BEGIN DATA SHOWN
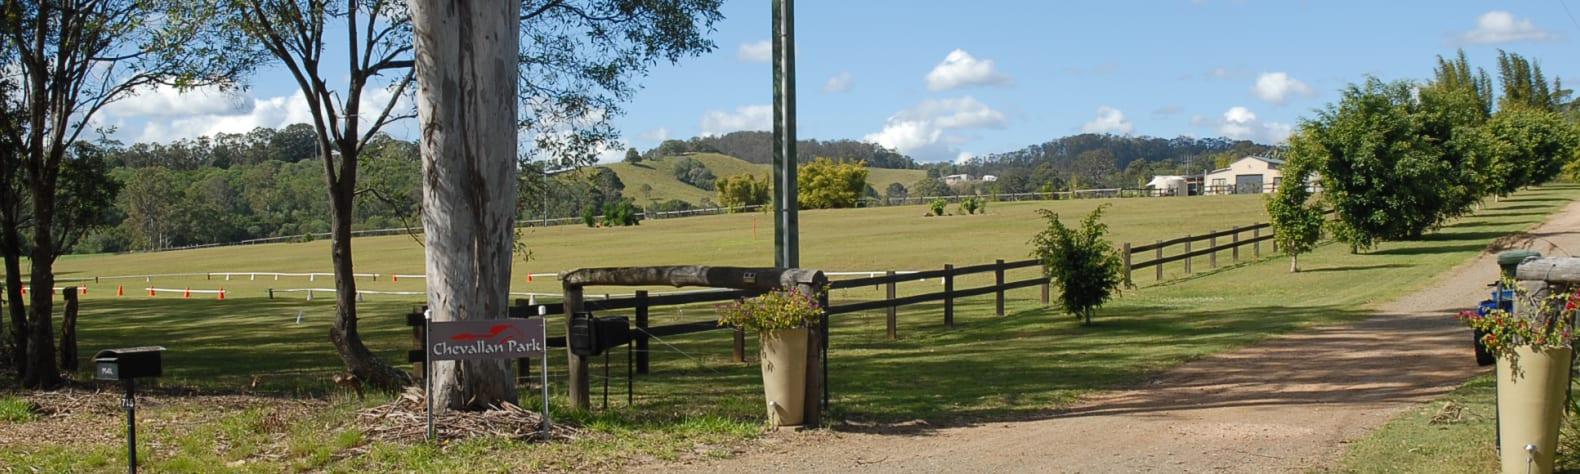 Chevallan Camp & Archery Park
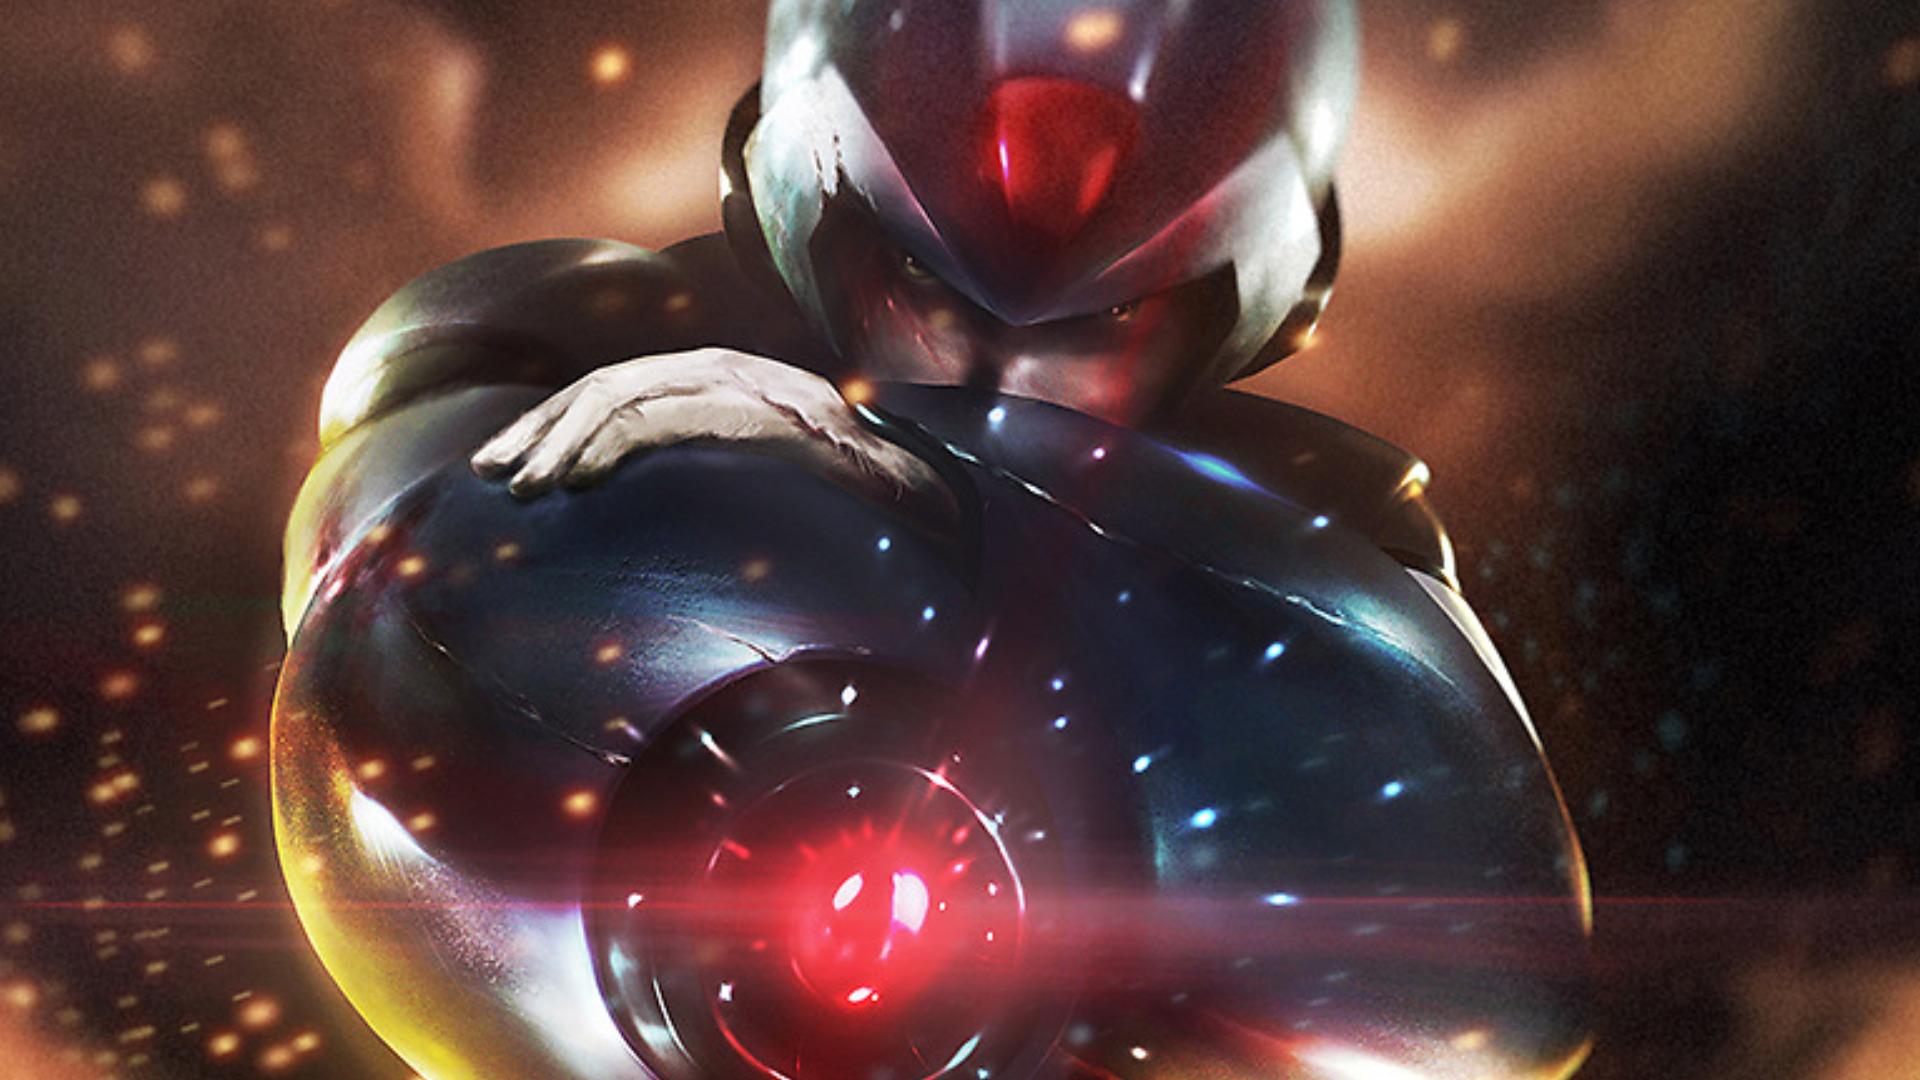 43+] Megaman X Wallpaper HD on WallpaperSafari
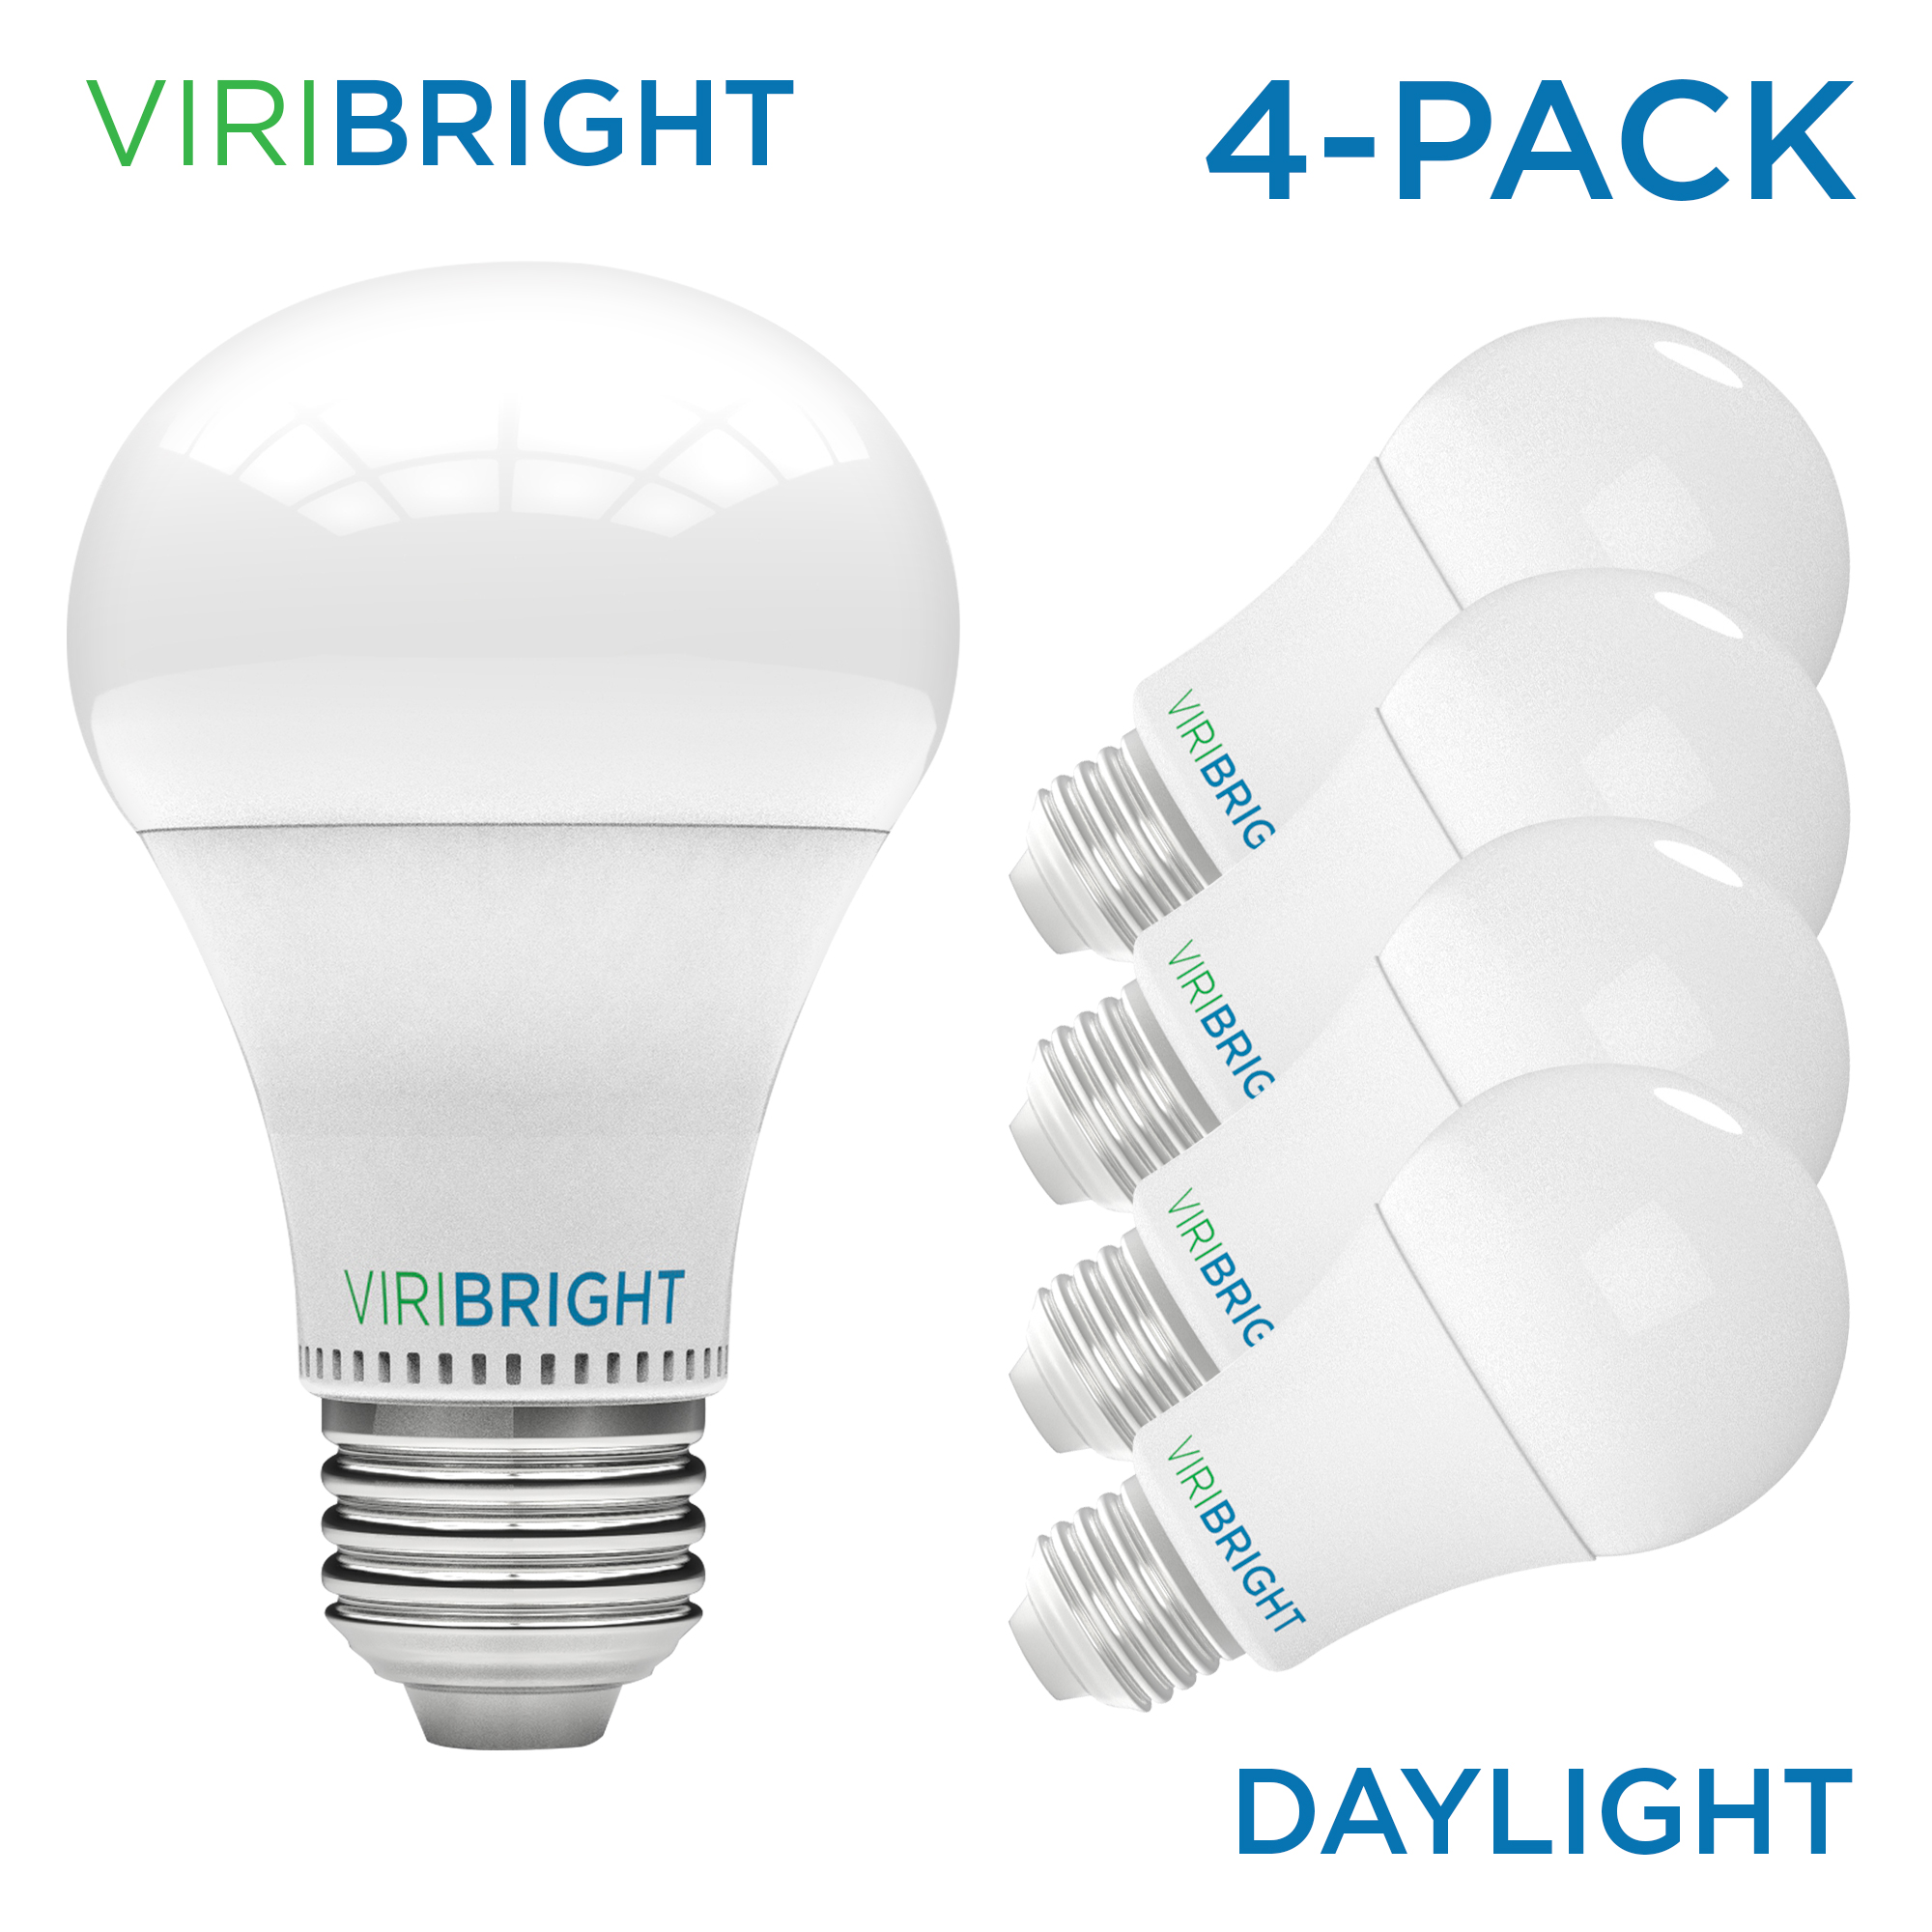 Viribright 100 Watt Equivalent Led Light Bulb 6500k Daylight Medium Screw Base E26 Pack Of 4 Walmart Com Walmart Com
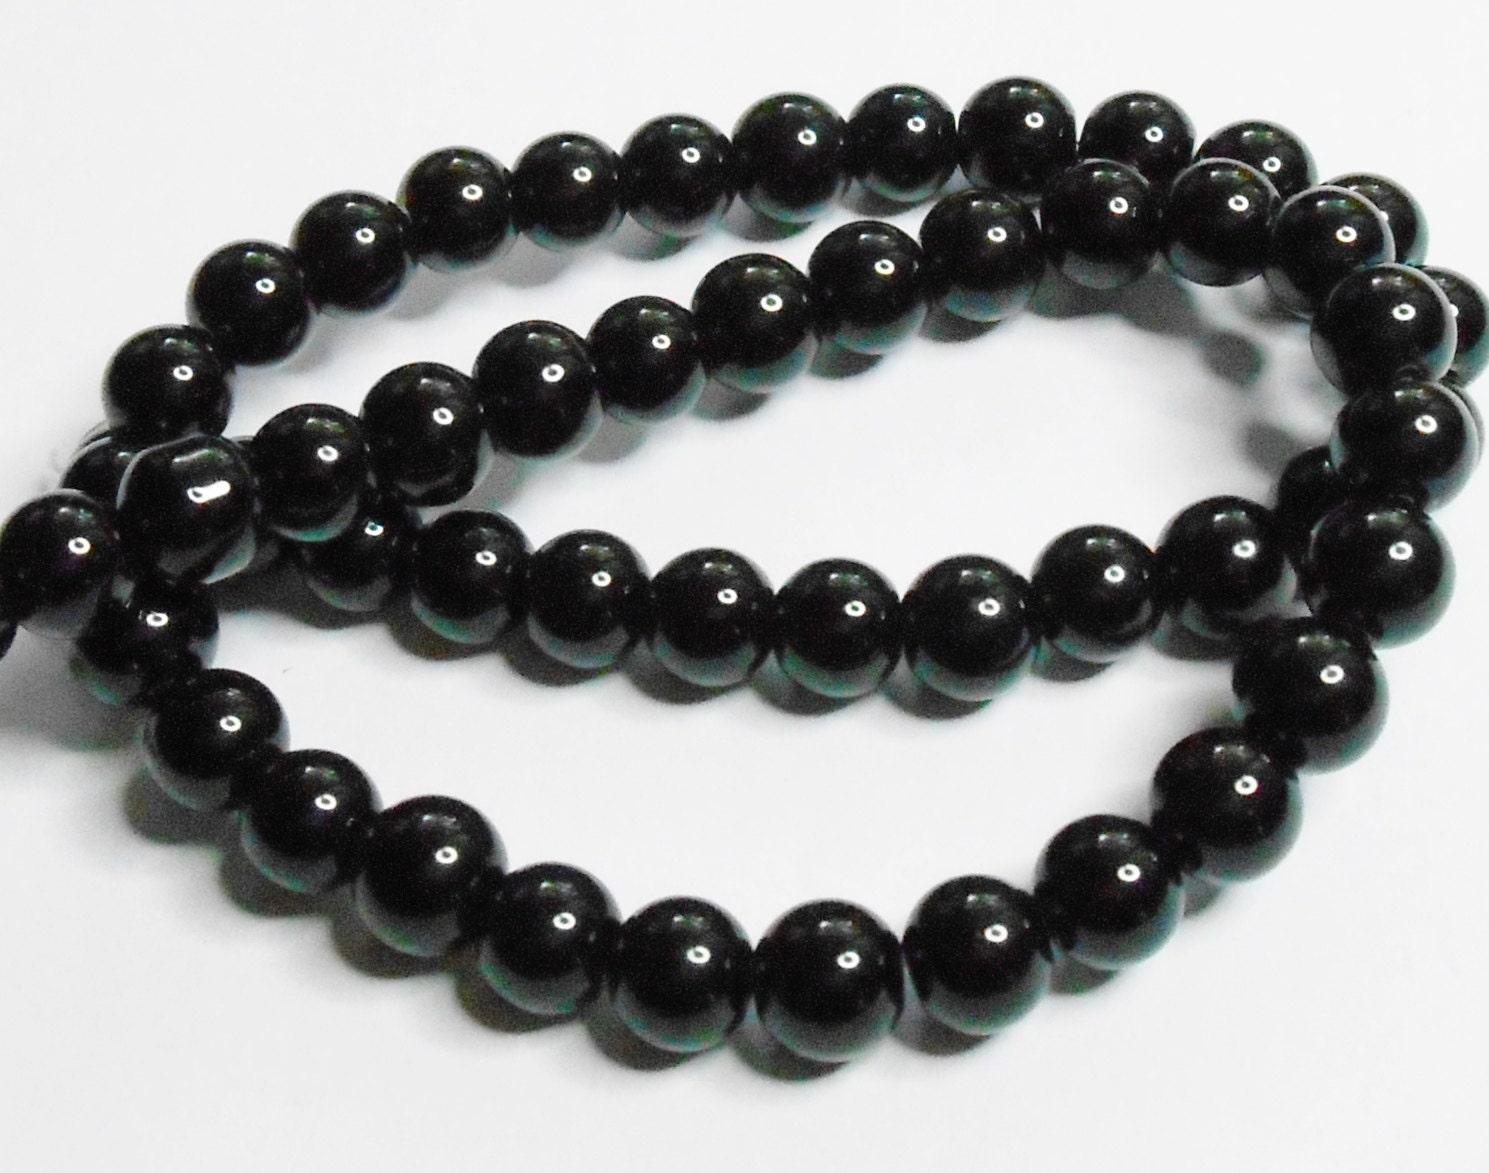 8mm round black onyx agate gemstone beads for jewelry making for Birthstone beads for jewelry making
END DATA SHOWN
## PROBLEM TO WORK ON:
The data above must be given again in full and unaltered, minus its images.

## SOLUTION FOR THIS TASK:
 Chevallan Camp & Archery Park
 43+] Megaman X Wallpaper HD on WallpaperSafari
 Viribright 100 Watt Equivalent Led Light Bulb 6500k Daylight Medium Screw Base E26 Pack Of 4 Walmart Com Walmart Com
 8mm round black onyx agate gemstone beads for jewelry making for Birthstone beads for jewelry making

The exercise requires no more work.